__Data__.
········

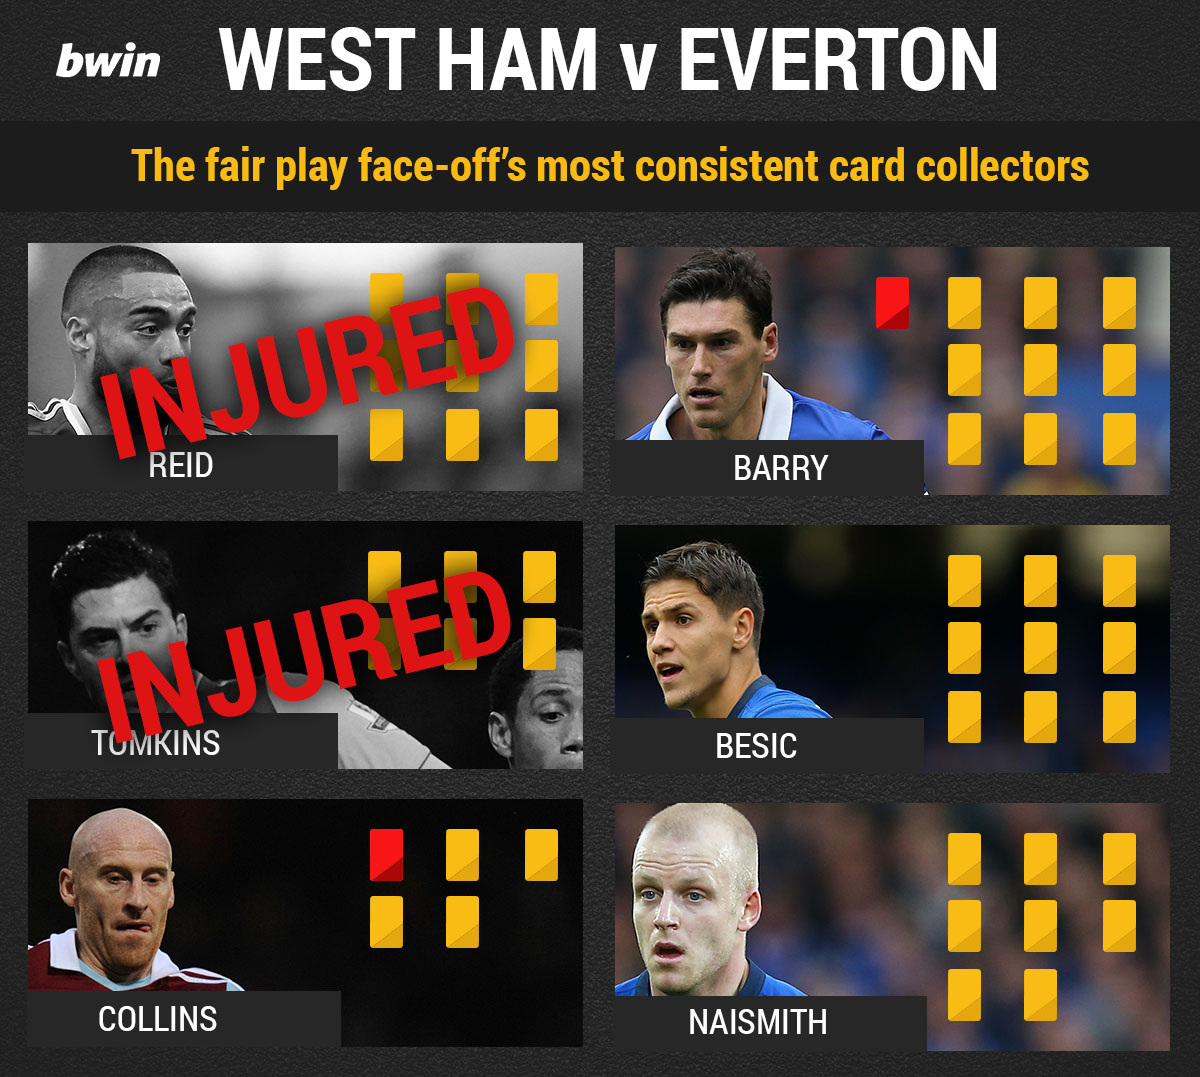 everton-westham-cards-2 copy
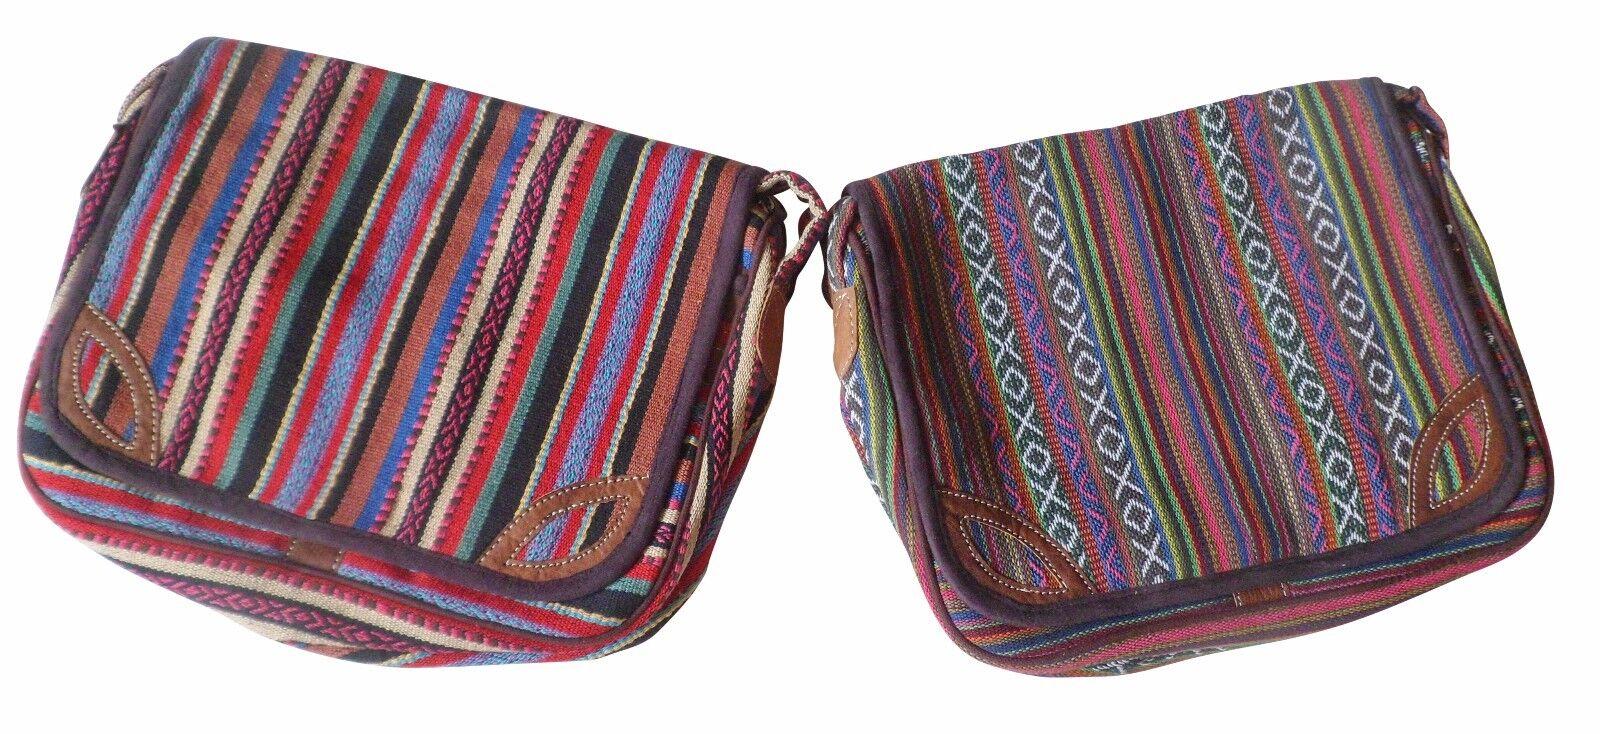 Fair Trade Nepalesisch Gheri Textil & Buffalo Leder mittelgroß Schultertasche | Discount
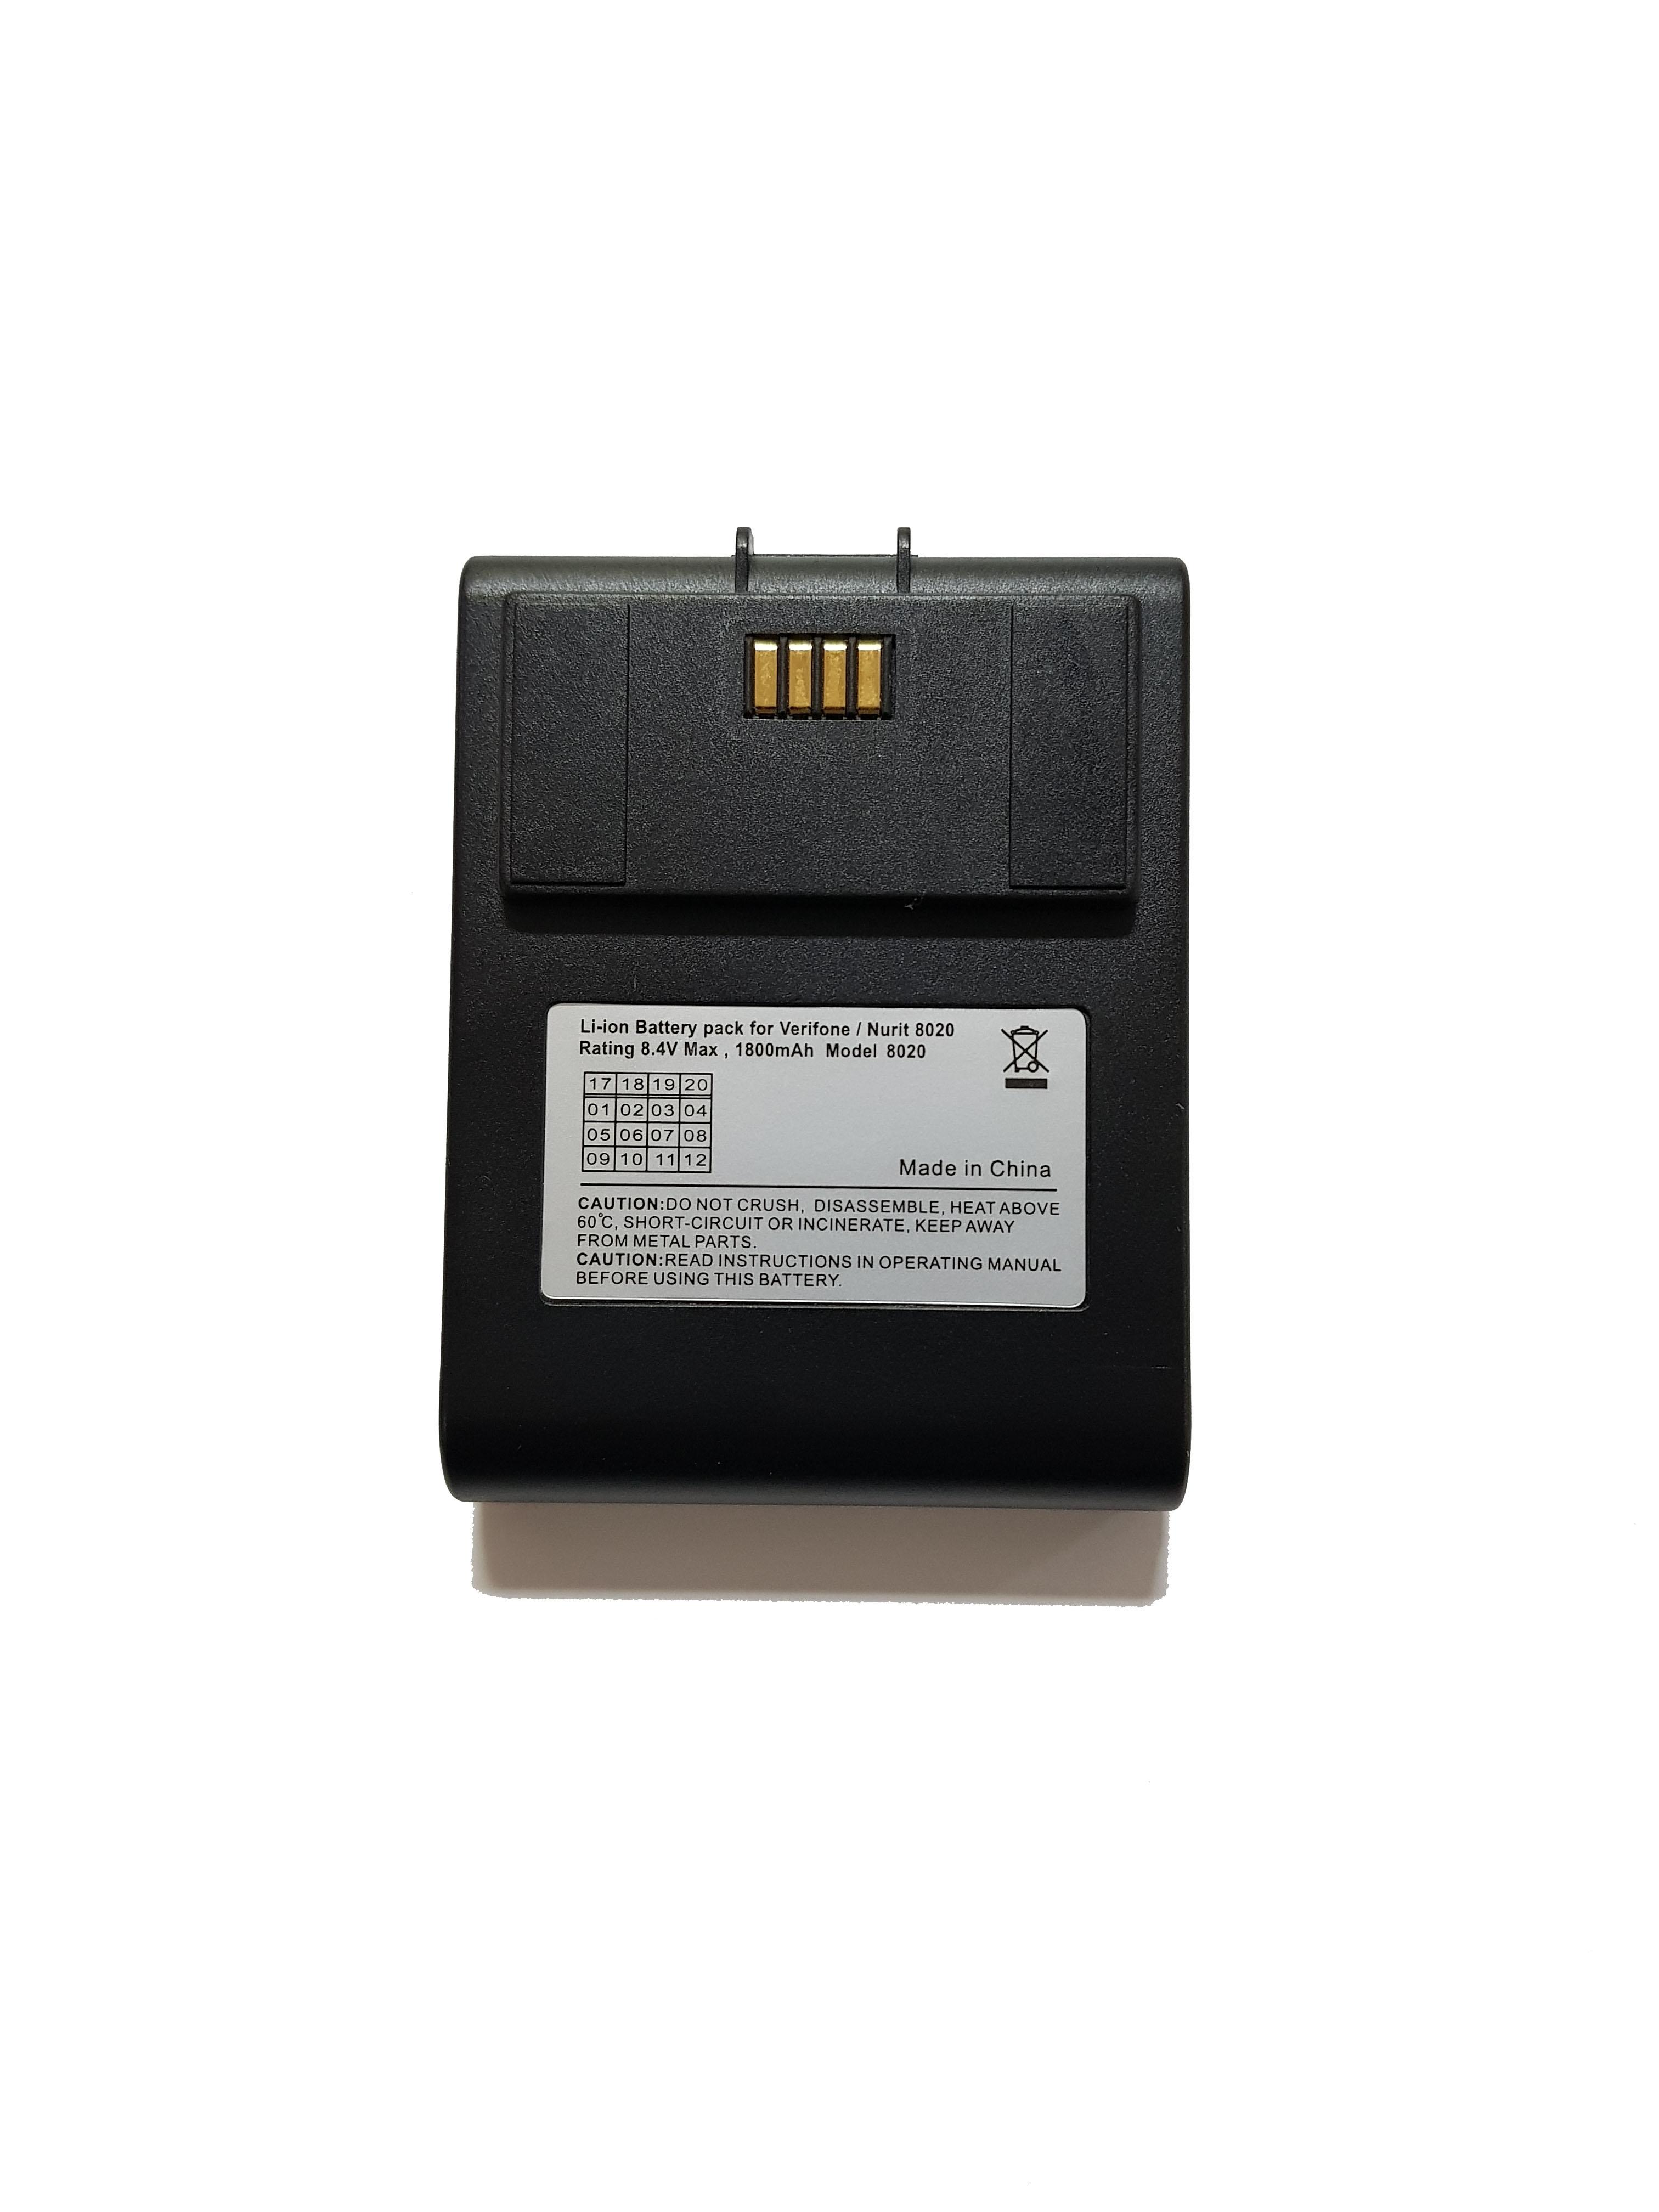 Bateria Externa 8020

········

Leave the images out and output the remaining material exactly as it stands.

 everton-westham-cards-2 copy
 Fair Trade Nepalesisch Gheri Textil & Buffalo Leder mittelgroß Schultertasche | Discount
 Bateria Externa 8020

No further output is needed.